Jack’s Books Blog: Fall Is Slightly In The Air
Usually, the turning of the calendar page to September around here signifies…not much.
Up north, fall engages like the return on a manual typewriter: ka-CHUNK and DING and the temps are cool. Usually, we just keep on doing summer.
I’ll be darned though: this weekend actually did feel slightly autumnal. Or maybe it’s just football being back. Either way, I’ll take it.

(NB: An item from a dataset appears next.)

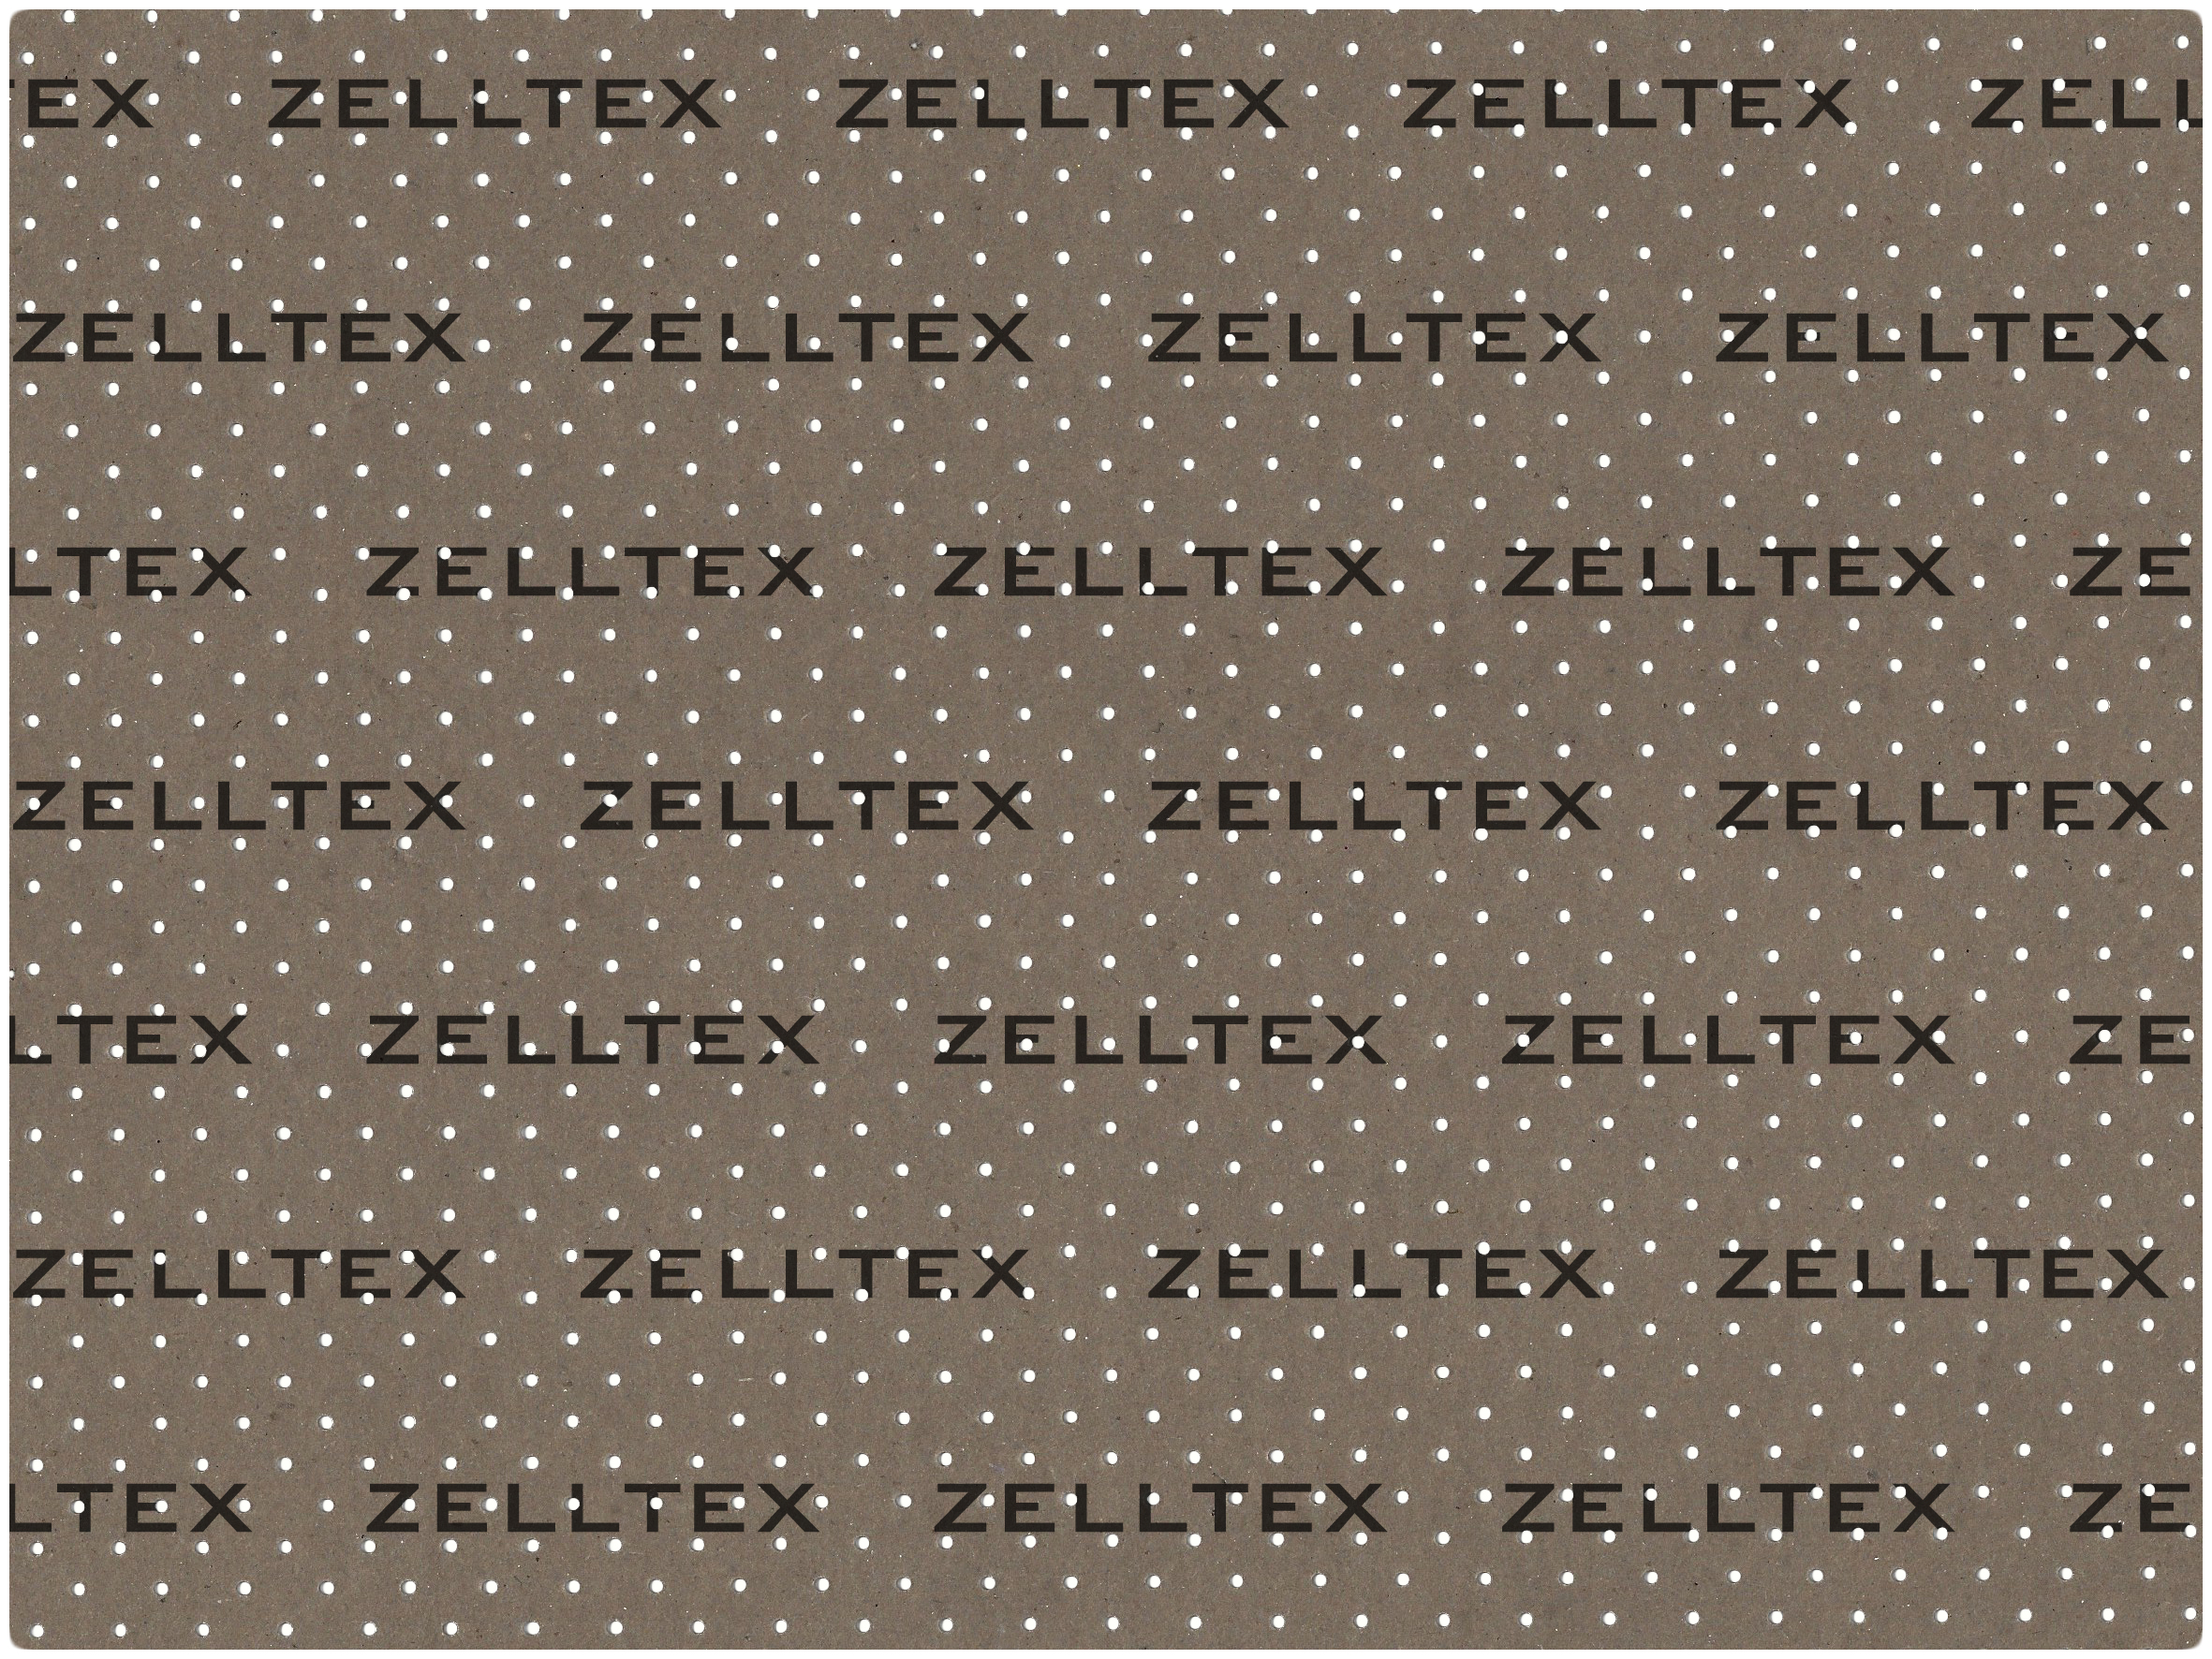 ZellTex - Schneidunterlage main image

Here’s hoping “fall” continues to be a season, and not a description of Western Civilization.
Here’s what I’ve been reading in recent days:
“Advent of The Heart: Seasonal Sermons and Prison Writings 1941-44” by Father Alfred Delp (ed. 2006) Father Delp is one of the underappreciated heroes of the 20th century: a young German Jesuit and member of the Kreisau Circle (a Hitler resistance cell) who died in the camps. This is a collection of his final Advent homilies, grouped by each of the weeks of that season that we mark on the candle-decked altar wreath. While they are all exceptional, it’s haunting, and touching, to see his message change from the 1941 or ’42 reflections, when he’s free, versus the 1944 ones where he is scrawling them, while handcuffed, on scraps of paper smuggled out of his cell. Powerful and inspiring.
“Eye of the Needle” by Ken Follett (1978) (re-read) One of the greatest WW2 era spy novels ever written, about a fictional but plausible Nazi superspy who uncovers the non-fictional ruse of a fake Allied army assembled in England to throw off Hitler’s expectations of where the D-Day invasion would occur. Story is told from both the perspective of the spy, trying to escape with his photographic evidence, and everyday Brits who are in life-risking pursuit.
“A Spy in The Ointment” by Donald Westlake (1966) Even for a satirical humorist like Westlake, this is a nutty plot: a harmless pacifist group being surveilled by the feds is sort of deputized to infiltrate and help stop a dangerous terrorist plot. The tension comes mainly from the irony of asking a guy who doesn’t like or trust his own government to help said government. Will he? Can he?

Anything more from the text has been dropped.